Especially if said present was meant to be consumed and contained unholy amounts of sugar.
“I’ve managed to build a friendship with a most astonishing and inspired young lady,” Bilbo explained, speaking slowly to savour every word. “And she’s agreed to lavish her exquisite skills upon our undeserving heads. Literally.”
Frowning, Thorin waited. He sincerely hoped that Bilbo was not falling prey to his fancy for riddles in the dark at this very inopportune moment; it was dangerous to promise a short-tempered creature such as the king of the Longbeards a surprise only to speak in enigmas.

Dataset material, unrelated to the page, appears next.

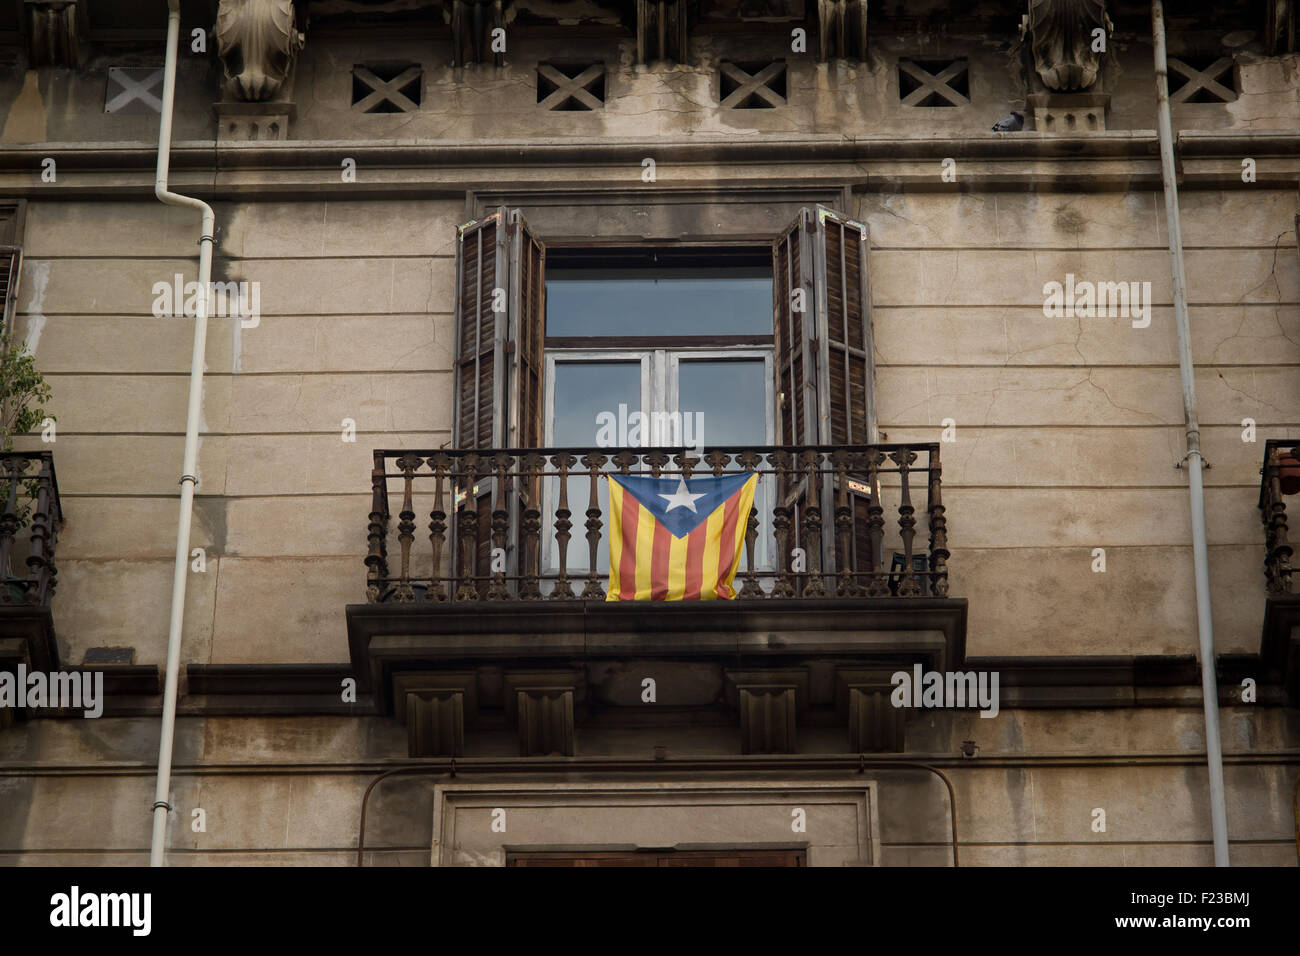 Barcelone, Catalogne, Espagne. 10 Sep, 2015. Un ESTELADA Drapeau indépendantiste catalan () se bloque à partir d'un balcon à Barcelone un jour avant la célébration de La Diada Catalane (Journée nationale) le 10 septembre 2015. Les derniers sondages donnent la majorité absolue à l'indépendance de parties (Junts Pel Si et CUP) qui sera au CatalÃ¡n les élections régionales du 27 septembre prochain. © Jordi Boixareu/ZUMA/Alamy Fil Live News Banque D'Images

“She’s a hairdresser,” Bilbo burst out, giggling merrily.
“Does she sell ribbons then?” Thorin asked—for some reason, he couldn’t shake the idea that the unknown lady in question fashioned tiny garments to be woven into the customer’s hair. Dresses for tresses, or something of that kind.
“Don’t be daft!” Bilbo cackled. “She cuts hair.”
“And she lives?” Thorin roared, thoroughly horrified by the idea of some malicious being floating around with oversized sheers to cut off honest dwarves’ hair while they were otherwise occupied—or engaged in vigorous battle training.
“Of course,” Bilbo tutted gently. “Where she comes from, people pay her good coin to have her wash and treat their hair.” He gave Thorin’s shaggy locks a playful flick. “I thought it would be a nice idea to have our hair professionally done.”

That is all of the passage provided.